Follow

Replica Create

Create the replica on the source system because that system holds the dataset data and connects to the application active host.

When creating a replica, provide the following information:

  • Replication type
  • Source dataset - the volume, filesystem, or consistency group that will be replicated
  • Target system
    • The target system must be connected to the source system via a link
    • The link must be defined prior to the replica creation
    • The link must be in a Connected state
  • Target pool or target dataset
    • If the target pool is provided, the dataset is created as a part of the replica creation in the specified pool
    • If the target dataset is provided (for volumes/CG only), it must be created in advance, empty, and the same size as the source dataset. If it's a consistency group, see the CG section below.
  • Interval and RPO - only required for the creation of an async replica
  • Preferred system (optional) - can only be provided for the creation of an Active-Active replica
    • Unless specifically stated, the preferred system is the one where the replica is created

Replica Delete

If possible, a replica entity should be deleted from the source replica. The system automatically deletes the target replica as well.
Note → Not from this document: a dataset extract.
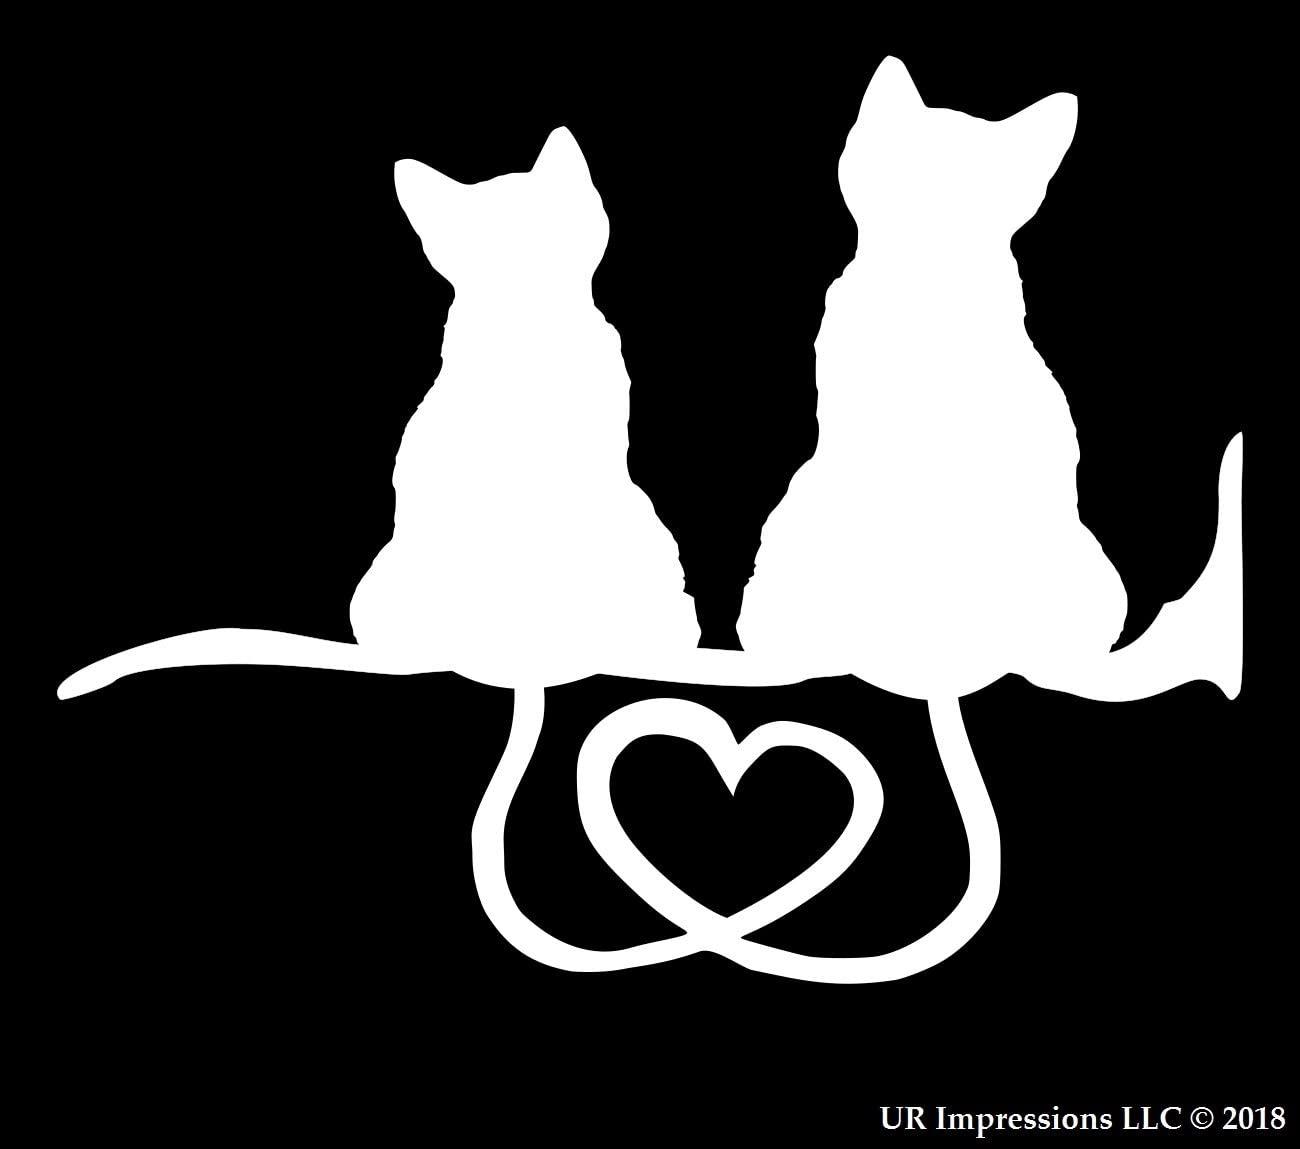 UR Impressions Kitty Cat Heart Tails Decal Vinyl Sticker Graphics for Cars Trucks SUV Vans Walls Windows Laptop|White|5.5 X 3.5 Inch|URI143

When the replica is deleted, the pairing between the replicated datasets is deleted and both the source and target datasets return to regular usage. Deleting the replica does not delete the replicated datasets on either side.

If there is no connectivity between the source and target systems, or if there is a configuration mismatch between the replicas, there is an option to delete the replica locally using a force flag. This requires the user to do the cleanup on the other system.

When deleting an async or active-active replica, there is an option to retain the staging area (the last snapshot replicated) and expose it to the user for future use.  For more information, see Overview of InfiniBox replica#InitialSync. If the replica is in Initializing state, there are no snapshots to retain.

When deleting an active-active replica, the serial number of the remote volume is changed, and so the remote volume must be unmapped before the replica is deleted.

If the force_keep_serial flag is used, the serial is kept on the local volume. This must be handled carefully because its can cause a "split brain" between the two volumes, where both volumes have the same serial number but are not connected to each other.

Replica Suspend and Resume (sync and async replicas only)

The user can suspend and resume the replica at any time from the source replica only.

The Suspend Replica command causes the source replica to stop transferring data to the target replica. The Resume Replica command  resumes the data transfer between the datasets, if possible.

If there is no connectivity between the source and target systems, or if there is a configuration mismatch between the replicas, the resume command fails.

Replica Suspend and Resume (Active-Active replicas)

The user can suspend and resume the replica at any time from either InfiniBox system. This affects both the data transfer and the availability to hosts of the underlying volumes.

The Suspend Replica command causes the replica to stop transferring data to the other system, and it turns the volume on the other system offline.

Only the paths to the volume on the system where the command is issued remain online. Note: this operation ignores the preferred system settings of the replica. 

The Resume Replica command resumes the data transfer between the datasets, and eventually turns the volume on the other system online (when they complete the sync).

The user must suspend an Active-Active replica in order to:

  • Resize the replicated volume.
  • Add a new member to a replicated CG.
  • Change the preferred system settings of the replica.

Replica Change Role (sync and async replicas only)

The user can change the replica role at any time, except when the replica is not yet initialized.

The Change Role can be done on either the source or the target replica. The source replica must be suspended prior to changing the role.

When changing source to target, the source dataset is changed to target dataset and will not accept user writes. This may cause a loss of updated source data that was not replicated to the target yet.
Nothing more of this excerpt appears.